(Adoraria ter capacidade e engenho para a construção de um registo alargado de observações do quotidiano, de caráter simbólico e sobre as quais pudesse elaborar uma teoria das manifestações simbólicas de como país, região ou outro qualquer território nos encaramos e vamos levando a vida como coletivo. Como não tenho essa capacidade, devo limitar-me a alguns fogachos ou exemplos desse simbolismo do quotidiano que nos cerca. O universo de evidências possíveis é vasto e diversificado. São pessoas que nos marcam em deambulações “flaneurianas pela cidade”, são registos de criatividade popular assinalada no espaço público, muitas vezes destruindo ou degradando a apresentação desse espaço público. São evidências do quotidiano caseiro das pessoas, como o são por exemplo os sacos de plásticos que secam numa varanda ou quintal, em antecipação do que hoje designamos de economia circular. É o modo desorganizado como as “nossas” obras marcam o espaço público, dando-nos cabo da cabeça e exasperando-nos em matéria de mobilidade. Como se percebe o universo possível é muito desafiante e daí a minha manifestação de incapacidade para o retratar com a ambição e minúcia que desejaria alcançar. Num registo modesto e, sabe-se lá se iniciando uma nova família de posts neste blogue, fico-me hoje por uma evidência que marca crescentemente a atmosfera e a fisionomia das Cidades – as lojas e as suas montras.

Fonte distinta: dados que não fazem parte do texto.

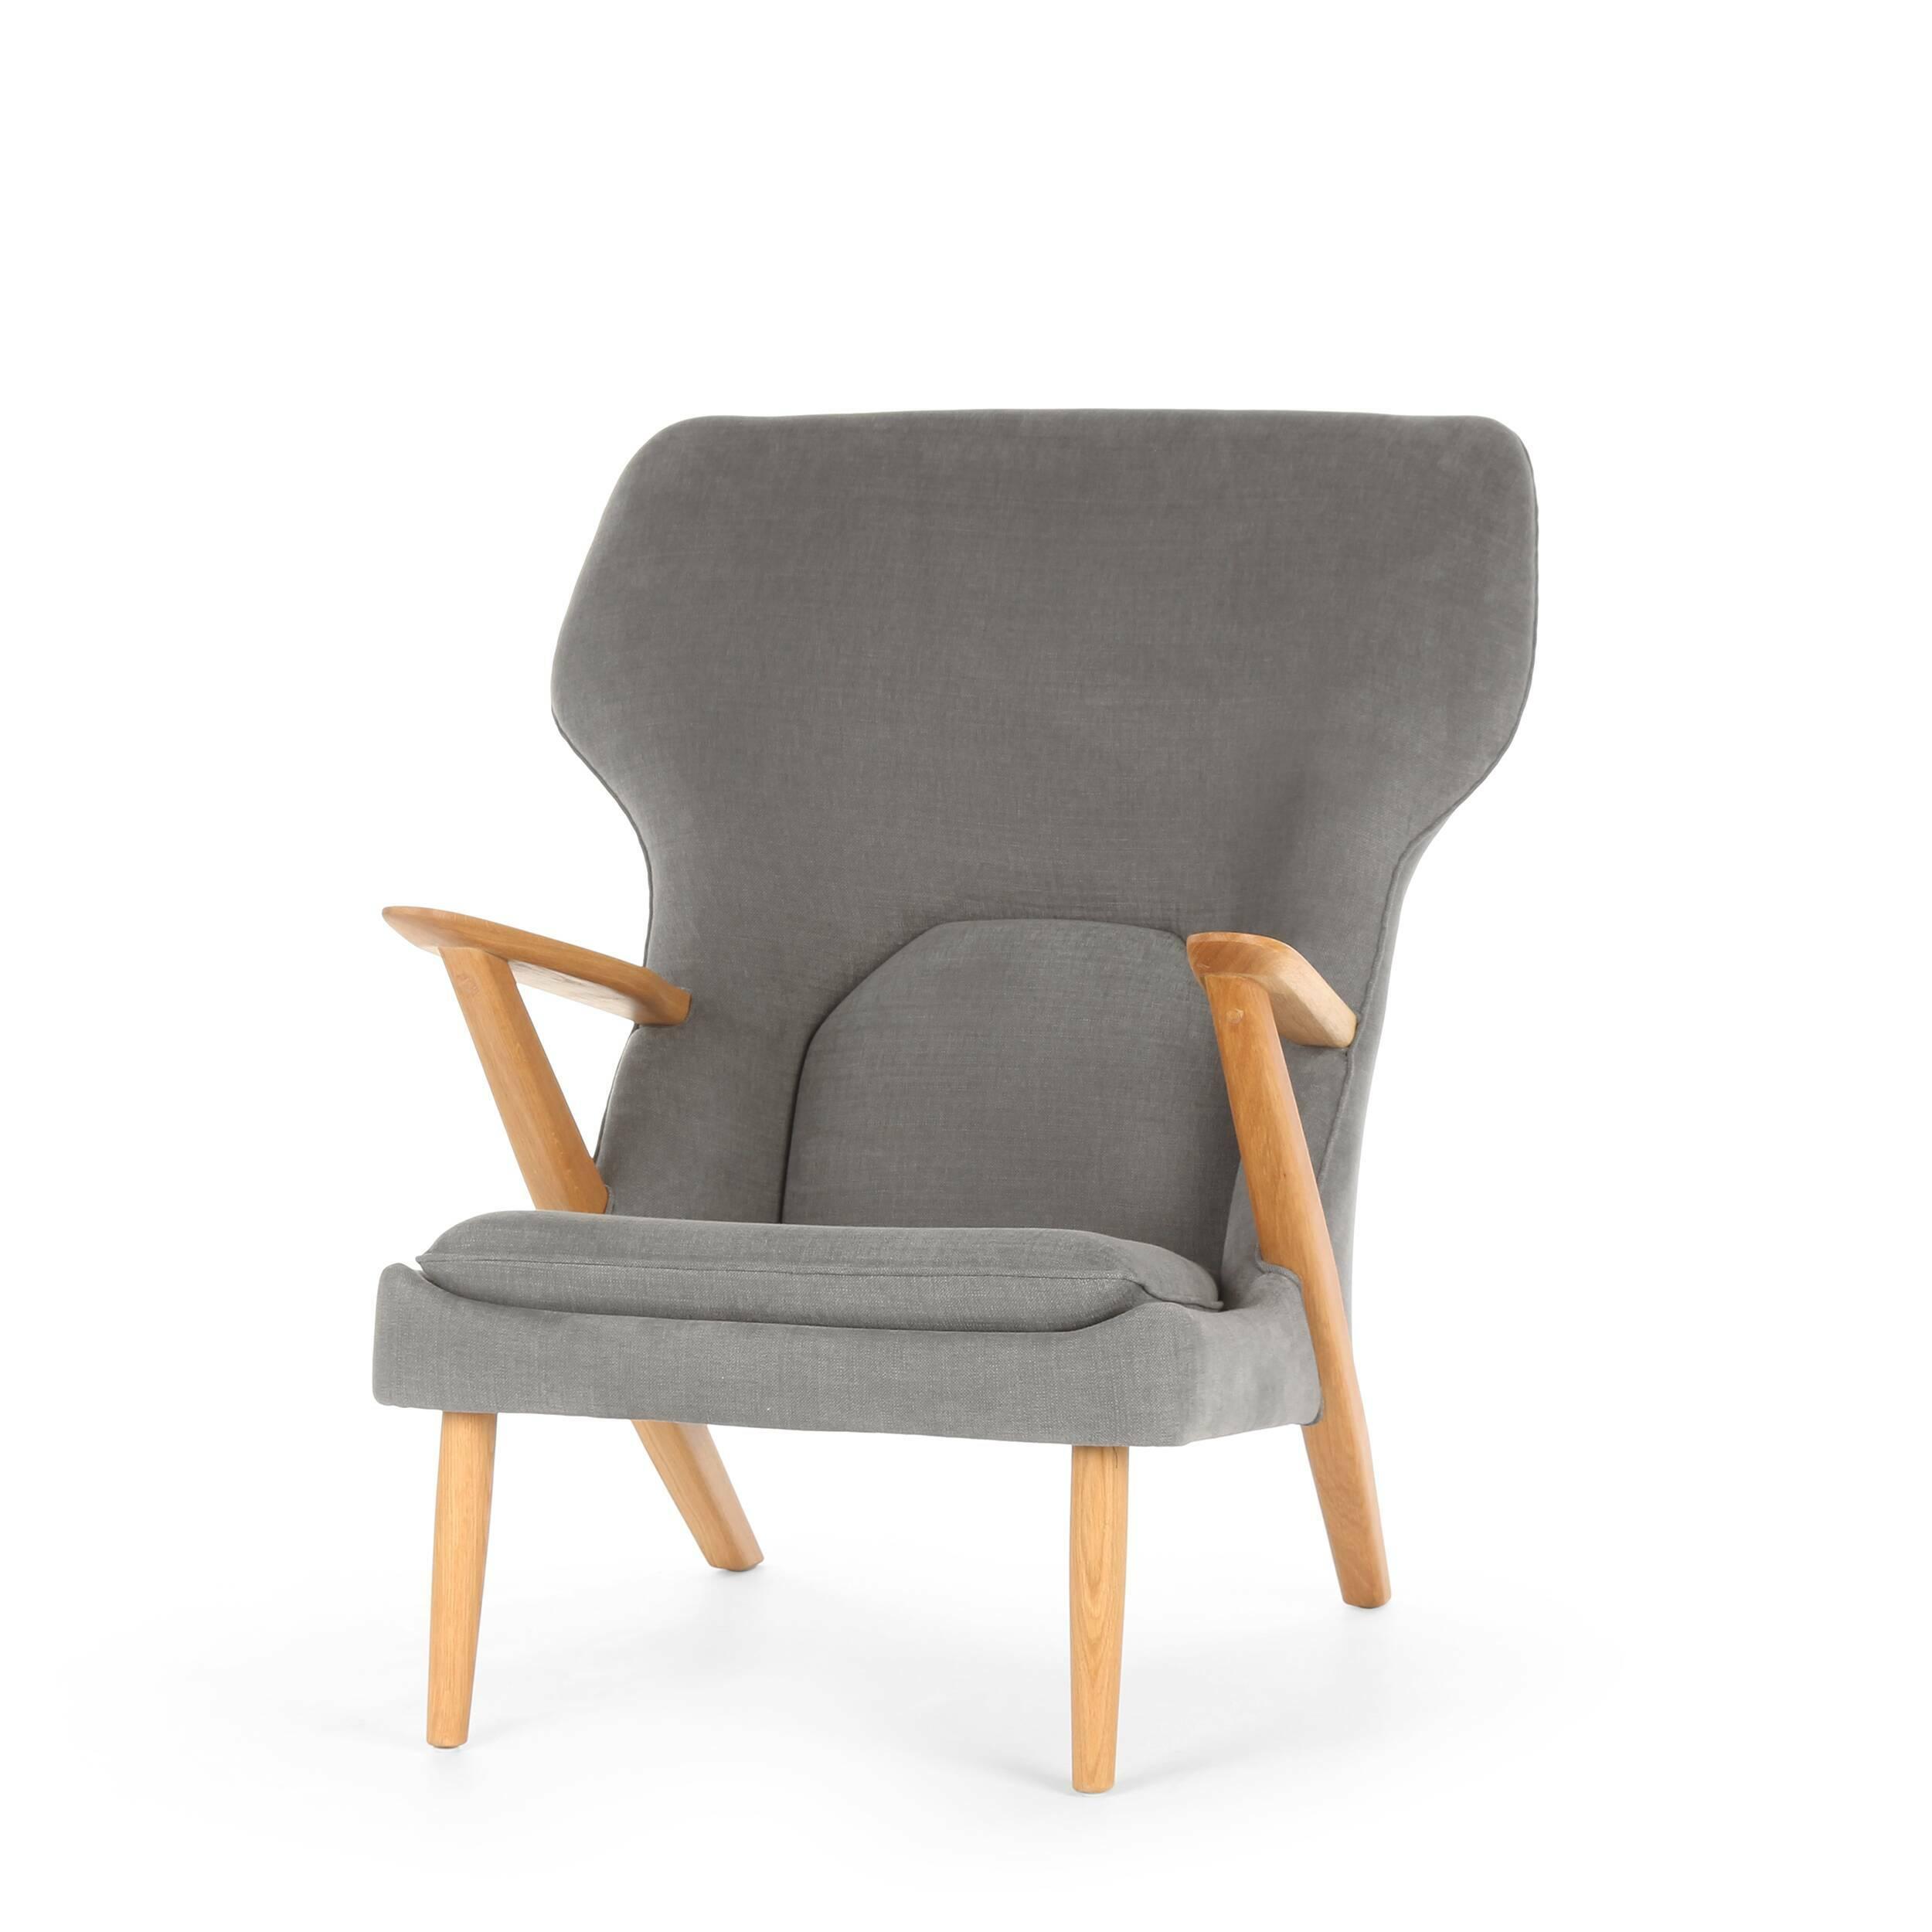 Кресло Little BearИнтерьерные<br>Дизайнерское легкое комфортное кресло Little Bear (Литл Бир) с широкой спинкой и деревянным каркасом от Cosmo (Космо).<br><br><br> Датчанина Ханса Вегнера по праву можно величать королем стульев — за всю жизнь он спроектировал их около пятисот. Его творения входят в коллекцию всех музеев современного искусства, от Центра Помпиду до MoMA, на кресле «Бык» сидит Доктор Зло в «Остине Пауэрсе», в креслах Вегнера вели дебаты Кеннеди и Никсон и снимался Дмитрий Медведев.<br><br><br> Вегнер, верный птенец гн...<br><br>stock: 0<br>Высота: 94<br>Высота сиденья: 37<br>Ширина: 82,5<br>Глубина: 87<br>Материал каркаса: Массив дуба<br>Материал обивки: Хлопок, Лен<br>Тип материала каркаса: Дерево<br>Коллекция ткани: Ray Fabric<br>Тип материала обивки: Ткань<br>Цвет обивки: Серый<br>Цвет каркаса: Дуб

Entre os critérios que mais utilizo para operacionalizar a perspetiva de visitante acidental de uma cidade está a perceção do estado da arte das suas lojas comerciais. Regra geral e sobretudo nas cidades em que está presente alguma transição para a modernidade, encontro sempre matéria para estabelecer confrontos entre a visão mais tradicional e arreigada (caso, por exemplo, das lojas de santinhos em cidades como Braga) e o despertar do emergente, que transparece de uma loja sofisticada do tipo “delicatessen”, de uma livraria mais ousada, de uma loja de artesanato mais criativo ou de moda mais alternativa. Como todos os riscos que devemos associar à lógica do visitante acidental que outros designam (o que me encanta) de abordagem “flâneur”, tenho normalmente resultados sempre positivos com essa análise das manifestações do comércio na cidade que visito por lazer ou em trabalho. Consigo regra geral compreender a tensão da transição em que a cidade se encontra, olhando também para a densidade de lojas encerradas ou abandonadas, à espera de uma utilização alternativa.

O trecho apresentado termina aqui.